Problem statement:
Repeat only the lines below from the one containing "Statue of Hachiko in Shibuya, Japan." through the one containing "JULIUS TART OPTICAL", inclusive, exactly as written.

Information supplied:
[Start of Attachment]
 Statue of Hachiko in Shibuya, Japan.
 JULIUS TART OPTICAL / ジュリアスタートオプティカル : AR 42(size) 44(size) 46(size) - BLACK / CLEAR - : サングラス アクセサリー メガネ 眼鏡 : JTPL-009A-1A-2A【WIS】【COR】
[End of Attachment]
[Start of Attachment]
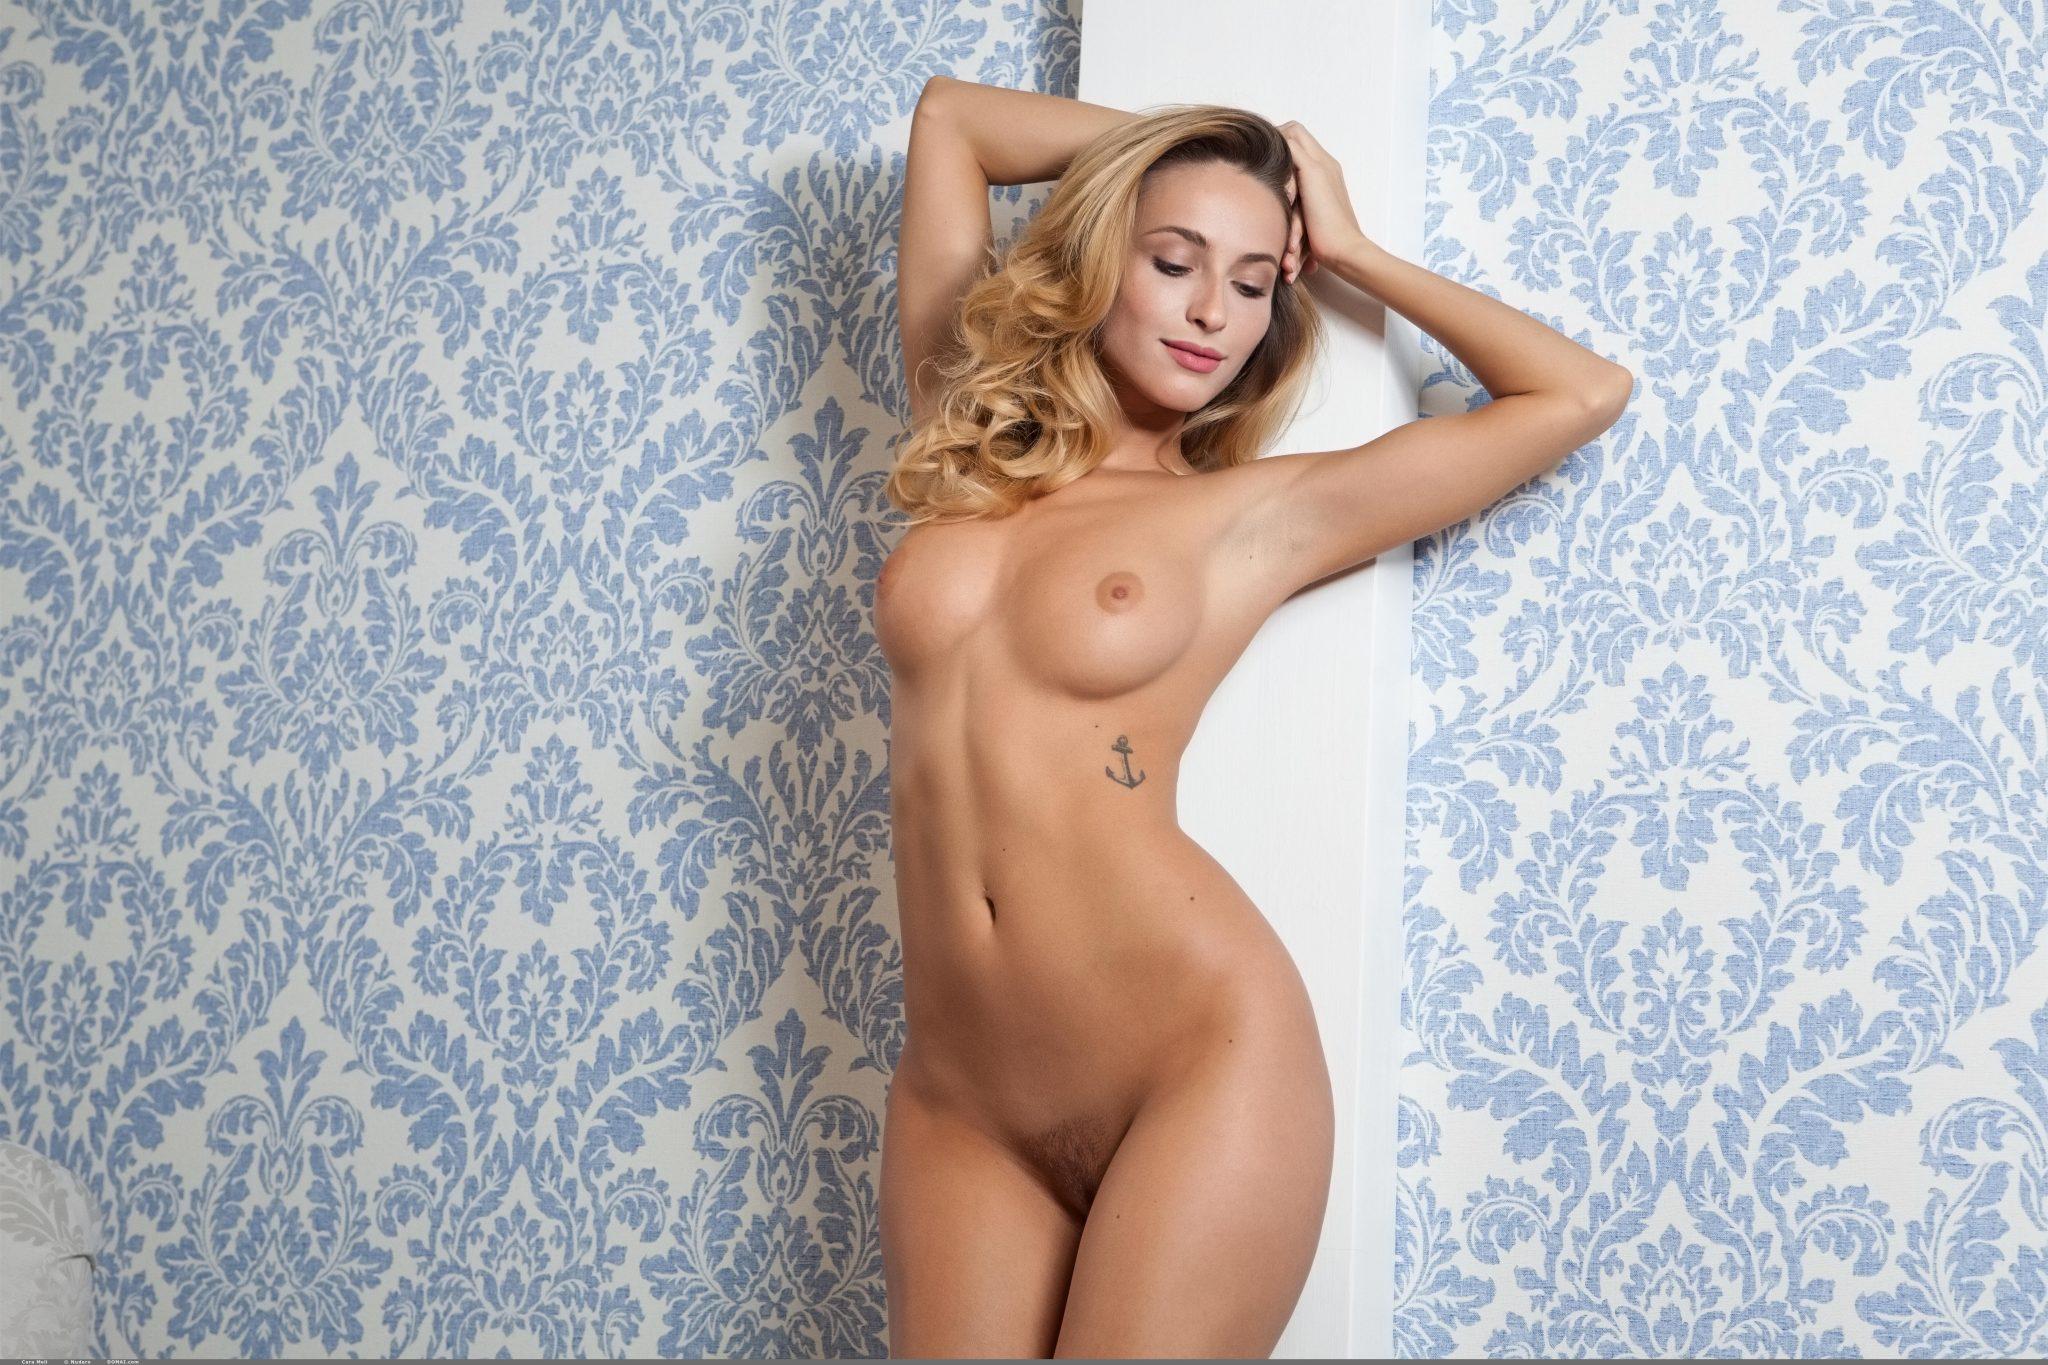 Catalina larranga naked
[End of Attachment]
Task response:
 Statue of Hachiko in Shibuya, Japan.
 JULIUS TART OPTICAL / ジュリアスタートオプティカル : AR 42(size) 44(size) 46(size) - BLACK / CLEAR - : サングラス アクセサリー メガネ 眼鏡 : JTPL-009A-1A-2A【WIS】【COR】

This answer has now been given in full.